| Source records |

....

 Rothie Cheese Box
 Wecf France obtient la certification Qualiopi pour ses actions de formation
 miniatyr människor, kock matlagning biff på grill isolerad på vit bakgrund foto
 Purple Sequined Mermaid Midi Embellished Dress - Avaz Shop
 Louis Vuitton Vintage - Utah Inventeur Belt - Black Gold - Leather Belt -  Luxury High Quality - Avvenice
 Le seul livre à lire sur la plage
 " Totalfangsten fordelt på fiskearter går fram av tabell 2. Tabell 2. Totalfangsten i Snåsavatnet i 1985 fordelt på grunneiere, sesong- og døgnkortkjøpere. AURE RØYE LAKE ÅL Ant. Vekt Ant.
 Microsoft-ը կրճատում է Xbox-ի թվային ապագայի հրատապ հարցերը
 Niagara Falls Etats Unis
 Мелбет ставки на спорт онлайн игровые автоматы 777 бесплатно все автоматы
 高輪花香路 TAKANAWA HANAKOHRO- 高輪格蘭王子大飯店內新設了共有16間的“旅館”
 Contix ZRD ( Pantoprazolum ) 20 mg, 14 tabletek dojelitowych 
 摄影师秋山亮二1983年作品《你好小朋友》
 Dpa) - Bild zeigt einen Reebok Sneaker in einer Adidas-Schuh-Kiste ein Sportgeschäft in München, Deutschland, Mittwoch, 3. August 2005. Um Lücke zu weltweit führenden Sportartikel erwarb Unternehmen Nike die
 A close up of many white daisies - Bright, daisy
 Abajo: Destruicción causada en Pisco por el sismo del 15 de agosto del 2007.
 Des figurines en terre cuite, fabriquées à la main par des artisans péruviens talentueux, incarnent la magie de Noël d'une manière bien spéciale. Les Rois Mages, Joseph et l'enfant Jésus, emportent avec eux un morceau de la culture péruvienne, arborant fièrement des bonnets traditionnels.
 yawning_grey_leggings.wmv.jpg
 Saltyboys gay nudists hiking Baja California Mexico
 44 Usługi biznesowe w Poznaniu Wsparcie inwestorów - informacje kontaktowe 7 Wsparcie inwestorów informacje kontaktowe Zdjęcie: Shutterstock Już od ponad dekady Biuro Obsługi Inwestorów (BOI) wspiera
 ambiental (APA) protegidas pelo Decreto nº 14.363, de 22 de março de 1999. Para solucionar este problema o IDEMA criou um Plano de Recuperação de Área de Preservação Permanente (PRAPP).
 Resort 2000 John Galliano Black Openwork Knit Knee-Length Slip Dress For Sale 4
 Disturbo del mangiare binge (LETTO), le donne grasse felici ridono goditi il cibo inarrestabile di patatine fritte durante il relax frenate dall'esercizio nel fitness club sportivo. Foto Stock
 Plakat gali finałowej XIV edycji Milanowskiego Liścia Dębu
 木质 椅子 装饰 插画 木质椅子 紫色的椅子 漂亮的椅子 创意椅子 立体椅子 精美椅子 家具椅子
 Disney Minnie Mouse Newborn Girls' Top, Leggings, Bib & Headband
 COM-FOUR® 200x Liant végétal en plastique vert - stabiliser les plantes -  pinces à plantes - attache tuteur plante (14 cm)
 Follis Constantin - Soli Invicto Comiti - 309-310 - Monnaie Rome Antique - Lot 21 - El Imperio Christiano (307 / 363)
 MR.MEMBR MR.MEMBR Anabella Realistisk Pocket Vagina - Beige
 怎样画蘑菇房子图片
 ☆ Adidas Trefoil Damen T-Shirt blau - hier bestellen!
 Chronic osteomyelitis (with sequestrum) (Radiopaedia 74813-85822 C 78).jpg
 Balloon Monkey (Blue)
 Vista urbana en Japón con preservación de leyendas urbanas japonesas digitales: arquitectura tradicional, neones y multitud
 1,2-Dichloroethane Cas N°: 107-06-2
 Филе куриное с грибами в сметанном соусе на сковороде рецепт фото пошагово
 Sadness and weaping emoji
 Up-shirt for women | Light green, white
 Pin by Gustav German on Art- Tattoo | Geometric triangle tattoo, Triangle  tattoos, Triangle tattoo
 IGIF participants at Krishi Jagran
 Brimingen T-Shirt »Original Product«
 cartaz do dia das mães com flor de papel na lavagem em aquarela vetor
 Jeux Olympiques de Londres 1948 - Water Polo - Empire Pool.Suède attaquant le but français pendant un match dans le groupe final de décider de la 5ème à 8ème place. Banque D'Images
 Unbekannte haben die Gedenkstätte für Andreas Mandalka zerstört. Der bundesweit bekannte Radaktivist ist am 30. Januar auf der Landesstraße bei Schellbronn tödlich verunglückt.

....

| Task item |
What you return should match the entries above exactly.

| Task output |
 Rothie Cheese Box
 Wecf France obtient la certification Qualiopi pour ses actions de formation
 miniatyr människor, kock matlagning biff på grill isolerad på vit bakgrund foto
 Purple Sequined Mermaid Midi Embellished Dress - Avaz Shop
 Louis Vuitton Vintage - Utah Inventeur Belt - Black Gold - Leather Belt -  Luxury High Quality - Avvenice
 Le seul livre à lire sur la plage
 " Totalfangsten fordelt på fiskearter går fram av tabell 2. Tabell 2. Totalfangsten i Snåsavatnet i 1985 fordelt på grunneiere, sesong- og døgnkortkjøpere. AURE RØYE LAKE ÅL Ant. Vekt Ant.
 Microsoft-ը կրճատում է Xbox-ի թվային ապագայի հրատապ հարցերը
 Niagara Falls Etats Unis
 Мелбет ставки на спорт онлайн игровые автоматы 777 бесплатно все автоматы
 高輪花香路 TAKANAWA HANAKOHRO- 高輪格蘭王子大飯店內新設了共有16間的“旅館”
 Contix ZRD ( Pantoprazolum ) 20 mg, 14 tabletek dojelitowych 
 摄影师秋山亮二1983年作品《你好小朋友》
 Dpa) - Bild zeigt einen Reebok Sneaker in einer Adidas-Schuh-Kiste ein Sportgeschäft in München, Deutschland, Mittwoch, 3. August 2005. Um Lücke zu weltweit führenden Sportartikel erwarb Unternehmen Nike die
 A close up of many white daisies - Bright, daisy
 Abajo: Destruicción causada en Pisco por el sismo del 15 de agosto del 2007.
 Des figurines en terre cuite, fabriquées à la main par des artisans péruviens talentueux, incarnent la magie de Noël d'une manière bien spéciale. Les Rois Mages, Joseph et l'enfant Jésus, emportent avec eux un morceau de la culture péruvienne, arborant fièrement des bonnets traditionnels.
 yawning_grey_leggings.wmv.jpg
 Saltyboys gay nudists hiking Baja California Mexico
 44 Usługi biznesowe w Poznaniu Wsparcie inwestorów - informacje kontaktowe 7 Wsparcie inwestorów informacje kontaktowe Zdjęcie: Shutterstock Już od ponad dekady Biuro Obsługi Inwestorów (BOI) wspiera
 ambiental (APA) protegidas pelo Decreto nº 14.363, de 22 de março de 1999. Para solucionar este problema o IDEMA criou um Plano de Recuperação de Área de Preservação Permanente (PRAPP).
 Resort 2000 John Galliano Black Openwork Knit Knee-Length Slip Dress For Sale 4
 Disturbo del mangiare binge (LETTO), le donne grasse felici ridono goditi il cibo inarrestabile di patatine fritte durante il relax frenate dall'esercizio nel fitness club sportivo. Foto Stock
 Plakat gali finałowej XIV edycji Milanowskiego Liścia Dębu
 木质 椅子 装饰 插画 木质椅子 紫色的椅子 漂亮的椅子 创意椅子 立体椅子 精美椅子 家具椅子
 Disney Minnie Mouse Newborn Girls' Top, Leggings, Bib & Headband
 COM-FOUR® 200x Liant végétal en plastique vert - stabiliser les plantes -  pinces à plantes - attache tuteur plante (14 cm)
 Follis Constantin - Soli Invicto Comiti - 309-310 - Monnaie Rome Antique - Lot 21 - El Imperio Christiano (307 / 363)
 MR.MEMBR MR.MEMBR Anabella Realistisk Pocket Vagina - Beige
 怎样画蘑菇房子图片
 ☆ Adidas Trefoil Damen T-Shirt blau - hier bestellen!
 Chronic osteomyelitis (with sequestrum) (Radiopaedia 74813-85822 C 78).jpg
 Balloon Monkey (Blue)
 Vista urbana en Japón con preservación de leyendas urbanas japonesas digitales: arquitectura tradicional, neones y multitud
 1,2-Dichloroethane Cas N°: 107-06-2
 Филе куриное с грибами в сметанном соусе на сковороде рецепт фото пошагово
 Sadness and weaping emoji
 Up-shirt for women | Light green, white
 Pin by Gustav German on Art- Tattoo | Geometric triangle tattoo, Triangle  tattoos, Triangle tattoo
 IGIF participants at Krishi Jagran
 Brimingen T-Shirt »Original Product«
 cartaz do dia das mães com flor de papel na lavagem em aquarela vetor
 Jeux Olympiques de Londres 1948 - Water Polo - Empire Pool.Suède attaquant le but français pendant un match dans le groupe final de décider de la 5ème à 8ème place. Banque D'Images
 Unbekannte haben die Gedenkstätte für Andreas Mandalka zerstört. Der bundesweit bekannte Radaktivist ist am 30. Januar auf der Landesstraße bei Schellbronn tödlich verunglückt.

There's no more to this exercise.